Associated Retired Aviation Professionals

Boeing Fighter Prototype Ups Ante for World-s Largest Military Contract 

October 2, 2000 12:00am 

Source: Knight Ridder Business News 

Sunday Business, London via NewsEdge Corporation : Sep. 24--The race to win the world's single largest military contract has stepped up a gear with the first flight last week of a prototype Boeing fighter. 

The futuristic looking aircraft, the X-32A, is a key element of Boeing's efforts to win the competition to design and build the Joint Strike Fighter, 3,000 of which are expected to be ordered by the world's air forces over the next 30 years. 

While the X-32'as short flight above California was in itself undramatic, it signalled the start of the final phase of a titanic four-year struggle between Boeing and its fellow US aerospace giant, Lockheed Martin, to win the JSF mandate.
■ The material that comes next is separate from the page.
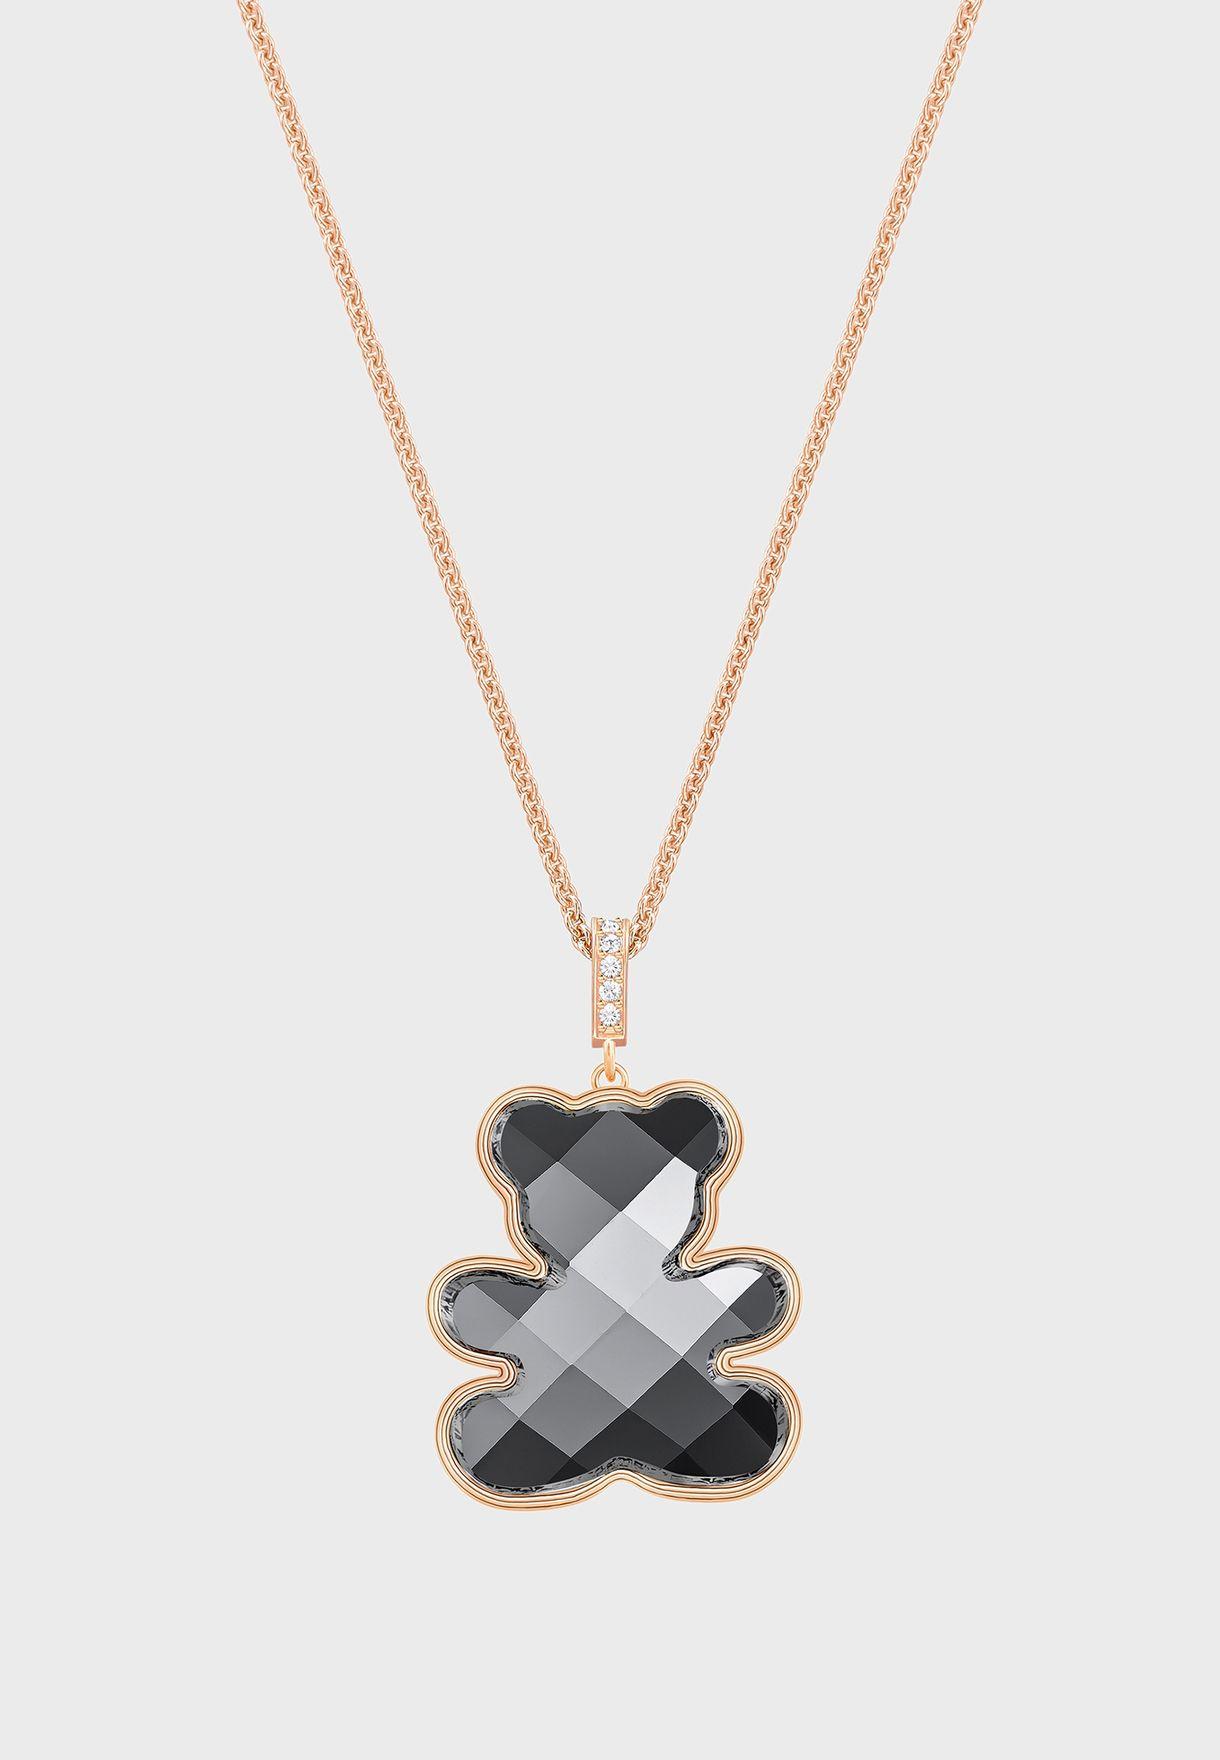 Teddy Pendant Necklace

Lockheed's demonstrator aircraft, the X-35A, is expected to make its first flight within the next couple of weeks. 

The stakes are extraordinarily high: not only can the winner look forward to at least $200 billion worth of business, but the loser may be forced to withdraw altogether from the lucrative but high-risk fighter aircraft game. 

The JSF programme is an ambitious US-UK initiative to come up with a machine versatile enough to replace a number of different aircraft from the countries' respective airforces. It, or versions of it, will be stealthy -- difficult to detect by air defences -- supersonic, able to take off and land like a normal aircraft, perform short take-offs and vertical landings like a Harrier jump-jet and operate from aircraft carriers. 

The JSF will also be relatively cheap -- about $35 million each -- and be an integral part of the hi-tech forces to be fielded by the two countries. Large numbers are likely to be bought by the US Air Force, Navy and Marines, while the UK is line to buy about 150 for the RAF and Navy to replace the venerable Harrier. Export orders, particularly to Nato nations, are expected to be considerable. 

Boeing and Lockheed are working under a "concept-demonstration" contract to prove that such a versatile and cheap aircraft can be built. The X-32A and X-35A will undergo five months of flight tests and be joined in the test programme next year by two short take-off and vertical landing demonstrators. 

Industry executives say the choice between the rival Boeing and Lockheed designs may swing on the different approaches the contractors have taken to providing the downward thrust necessary for short take-offs and vertical landings. 

Boeing has gone for a system similar to that employed by the Harrier, with hot exhaust air from the jet engine rerouted to blast out under the aircraft's fuselage. Lockheed has designed a new solution that involves a shaft running forward from the jet engine to drive a fan at the front of the aircraft. Sources at each company say the other's solution is a weak point and much interest will centre on the flights of the short take-off demonstrators next year. 

Industry executives expect the selection of the winning contractor will take place around October next year, six months later than first thought. While the Clinton administration has stuck to its guns and insisted the competition will be "winner takes all", many expect that the new president may revisit the issue next year. 

US aerospace industry analysts say that the Pentagon may decide to broker some type of work-share arrangement to produce the winning design to ensure that more that one US fighter aircraft manufacturer stays in business. 

No matter which contender comes up with a winning design, British industry looks set to benefit. Most of the UK's leading aerospace companies, including Rolls-Royce, Dowty, Smiths Industries, and TI Group, are suppliers to one or both JSF programmes. BAE Systems is, with Northrop Grumman, a full partner in the Lockheed team, but is also a key supplier of aircraft systems to the Boeing effort. 

The UK government is expected shortly to commit to the next phase of the JSF programme so that it can play a full role in the selection of the winning aircraft. This will require British taxpayers to fork out around $2 billion to pay for a share of the funding for the next phase of the programme, the so-called "engineering, manufacturing and development" (EMD) contract. 

A UK commitment to EMD will almost certainly mean that the UK will choose the JSF as the aircraft for its new carrier fleet. Two groups, one lead by BAE Systems and the other by Thomson-CSF, are vying for a UKpound 2 billion contract to build two new aircraft carriers.